• Material provided
....
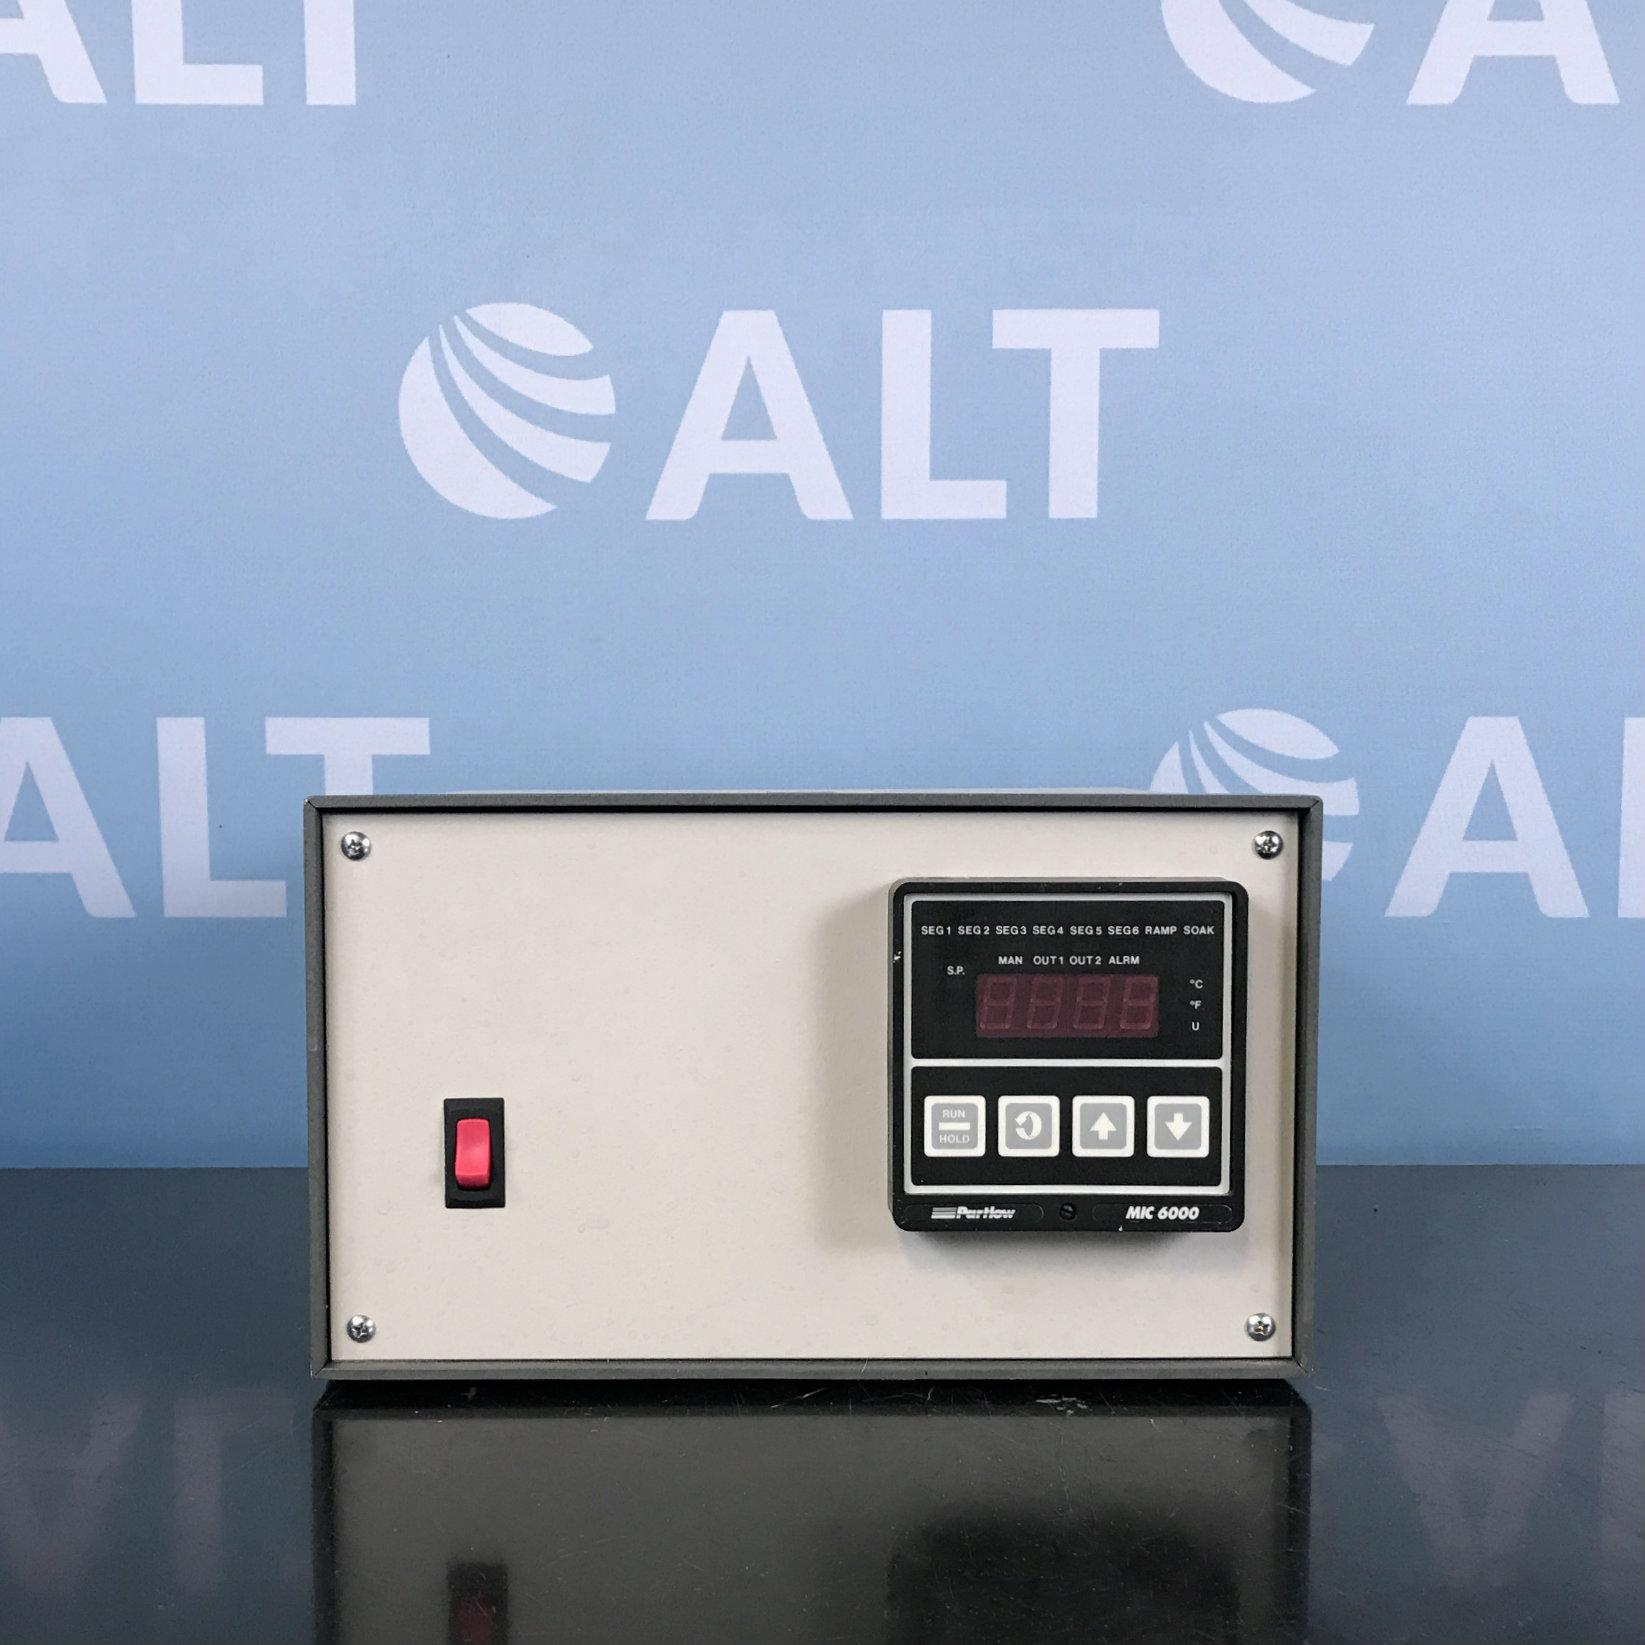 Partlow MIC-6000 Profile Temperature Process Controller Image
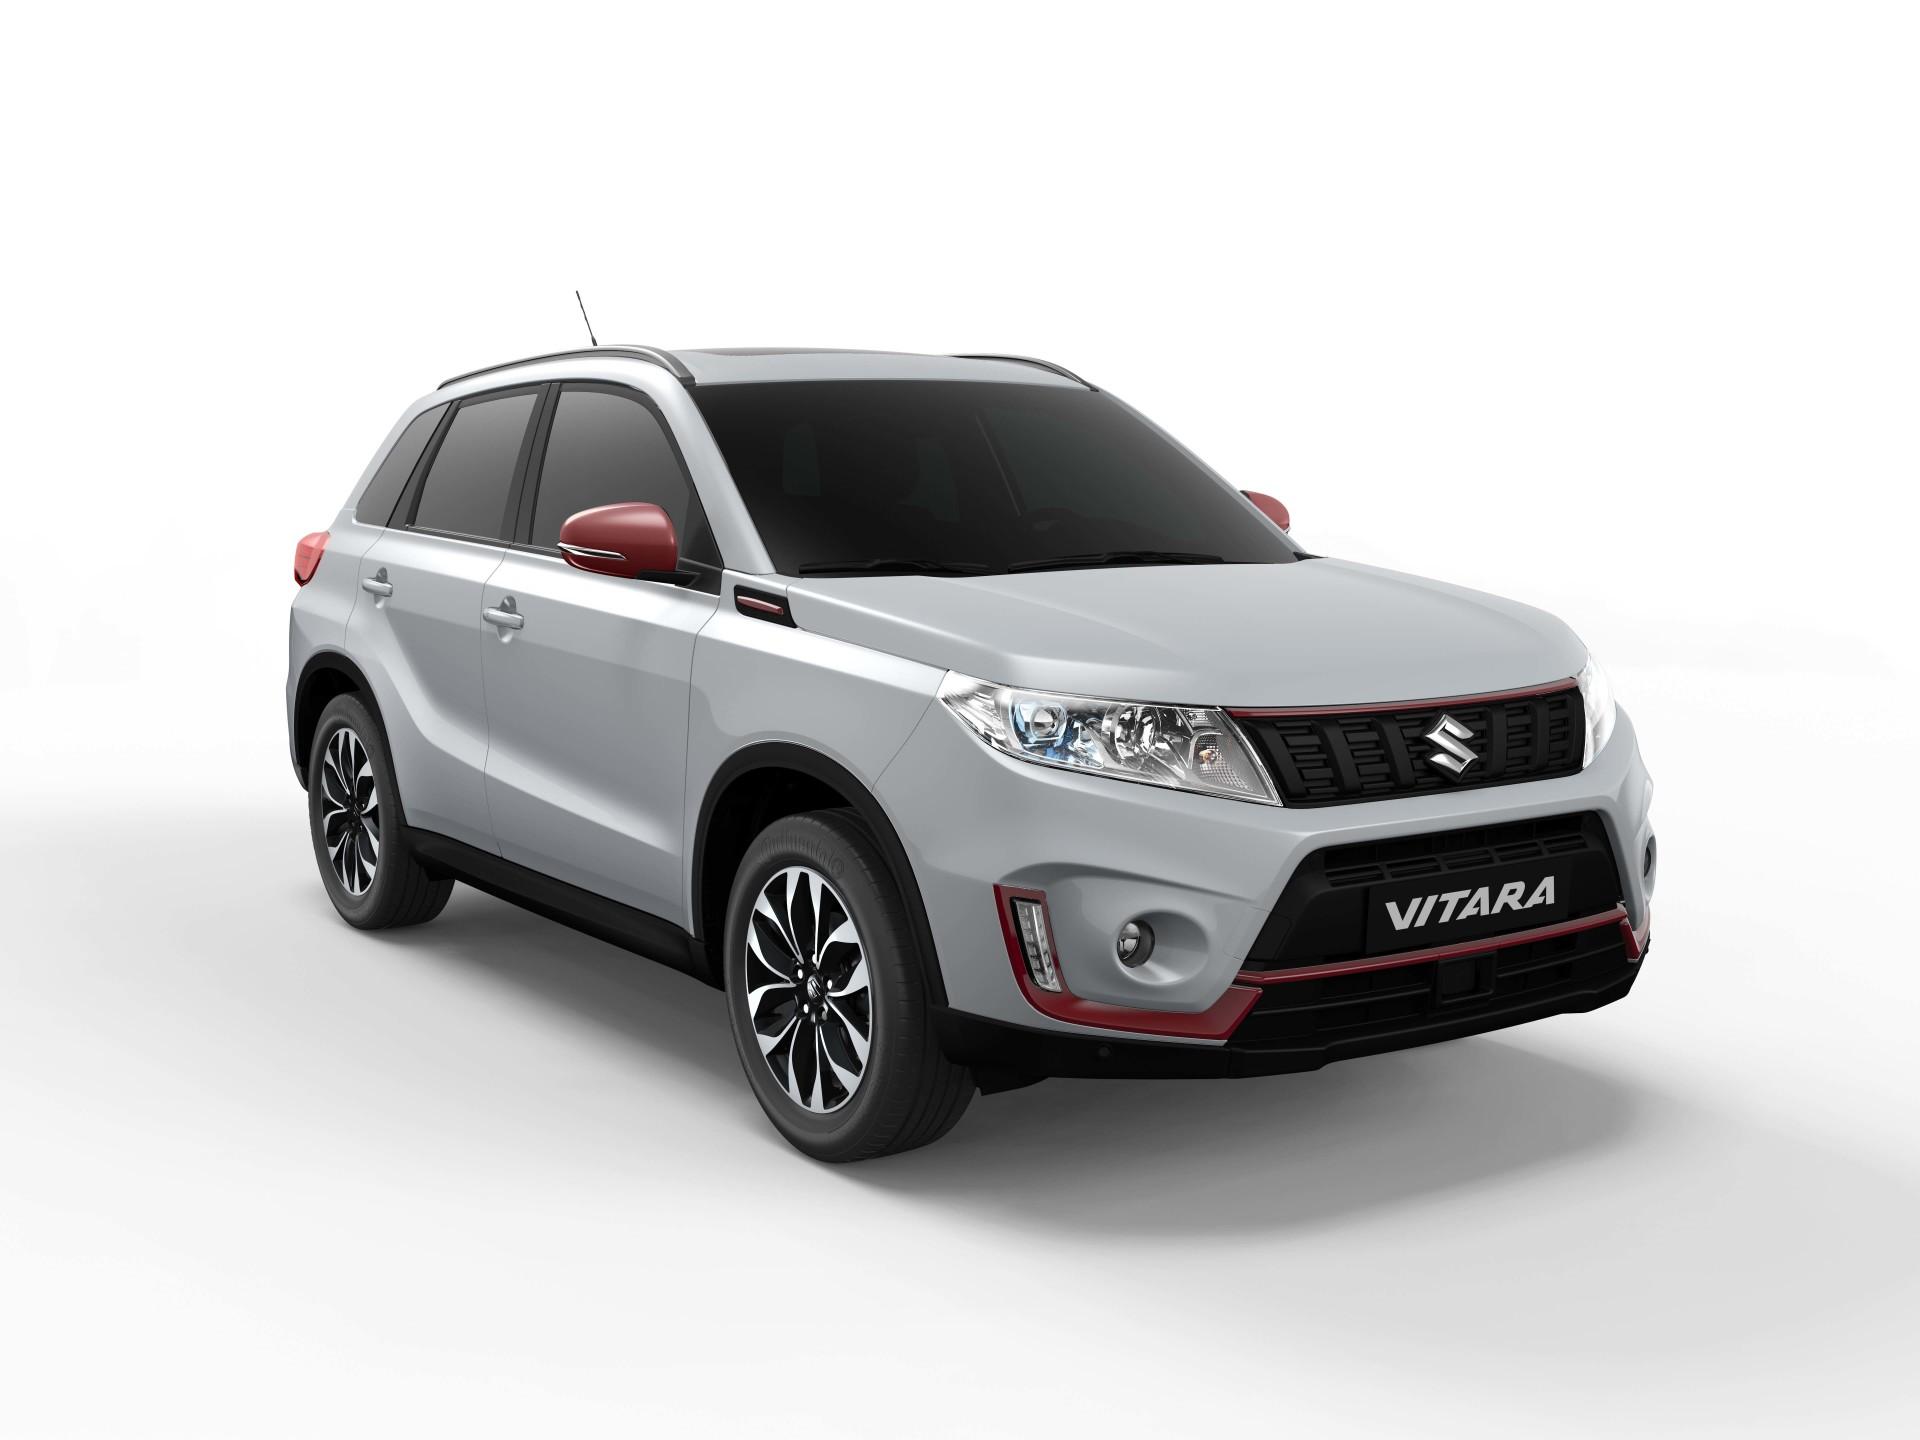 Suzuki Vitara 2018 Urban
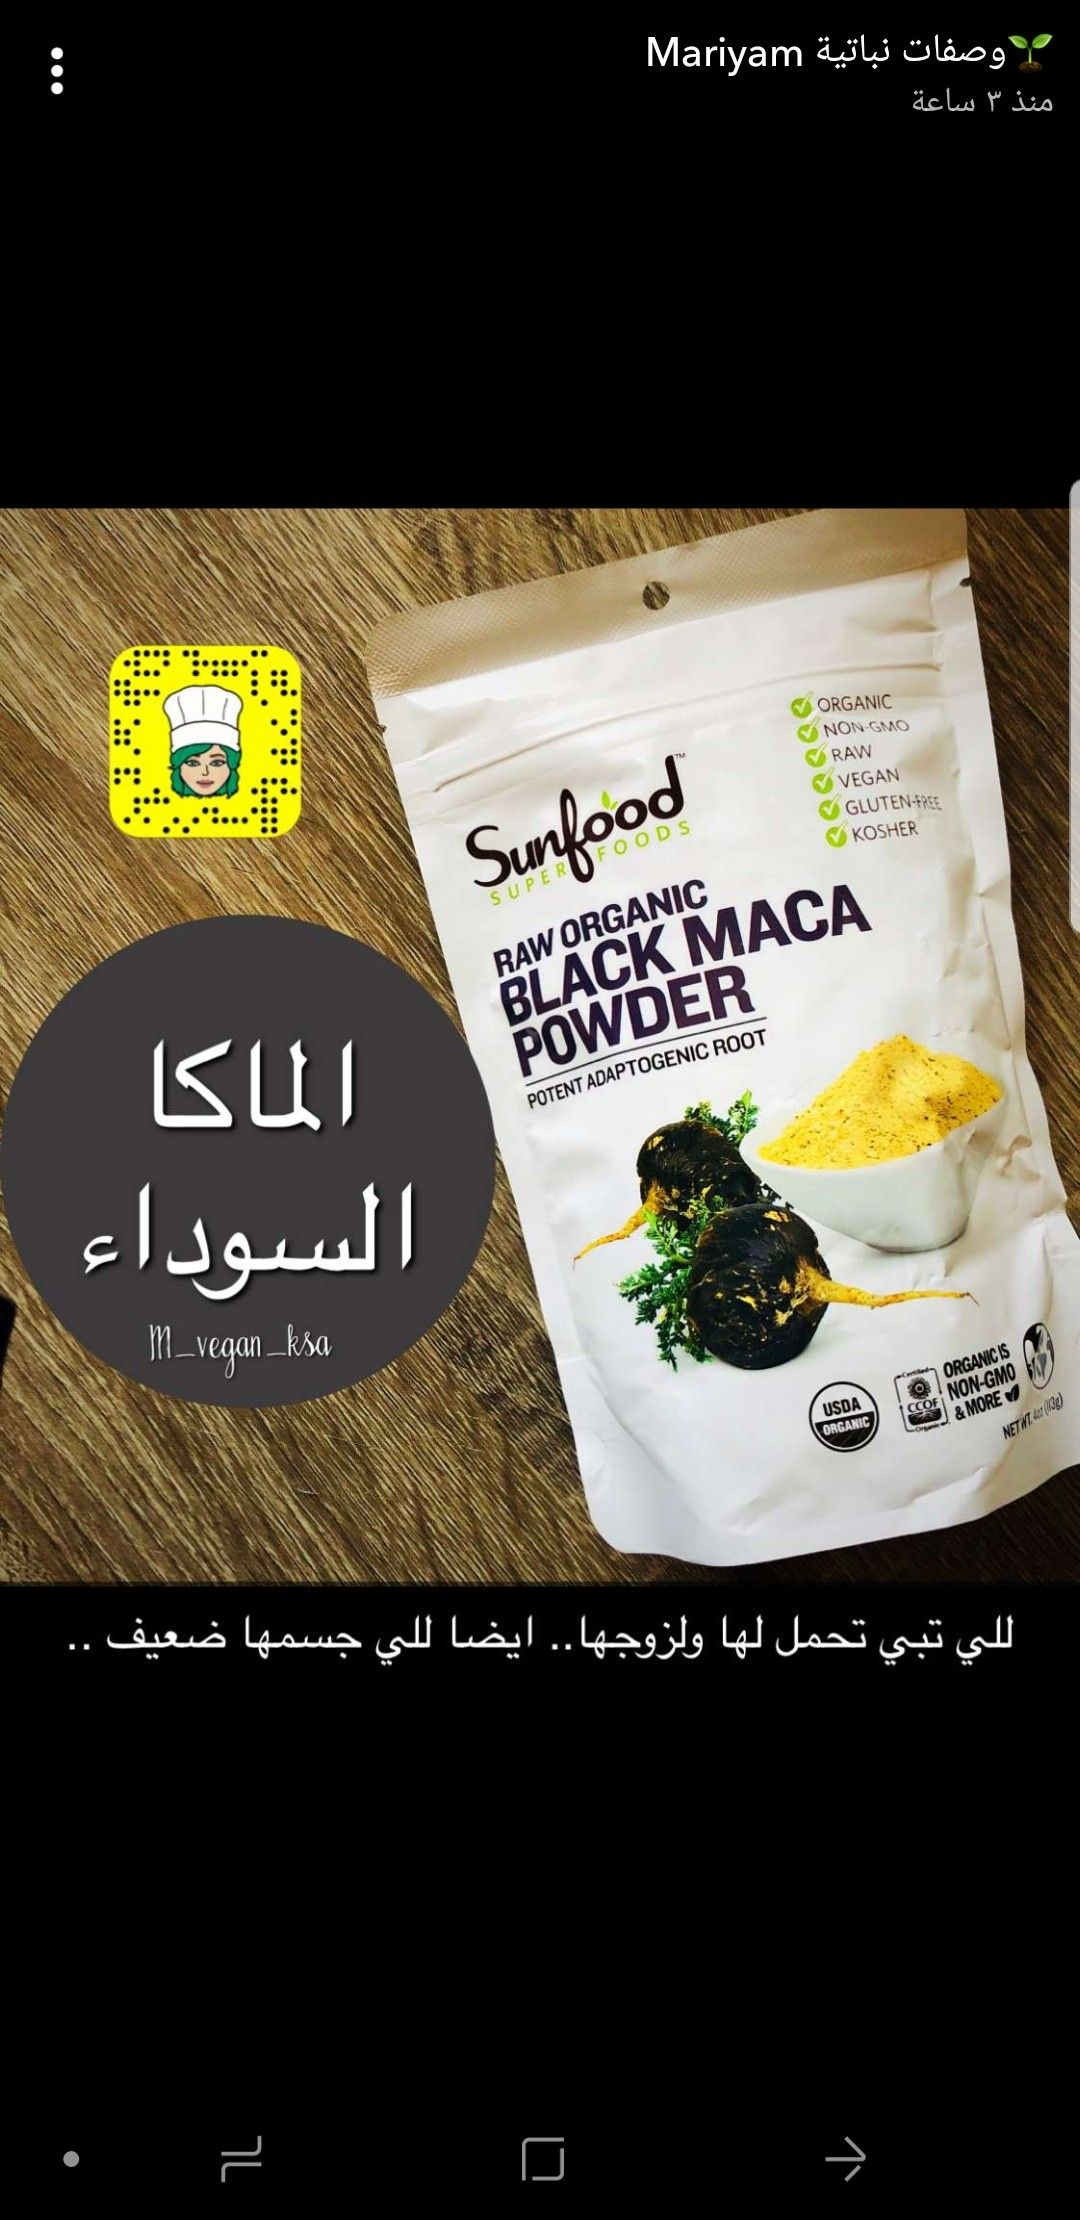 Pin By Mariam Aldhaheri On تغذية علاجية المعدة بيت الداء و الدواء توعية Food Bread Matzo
....
• Exercise requirements
The lines wanted run from the one with "Suzuki Vitara 2018 Urban" through the final line of the data; repeat them word for word and skip every picture.

• Expected answer
 Suzuki Vitara 2018 Urban
 Pin By Mariam Aldhaheri On تغذية علاجية المعدة بيت الداء و الدواء توعية Food Bread Matzo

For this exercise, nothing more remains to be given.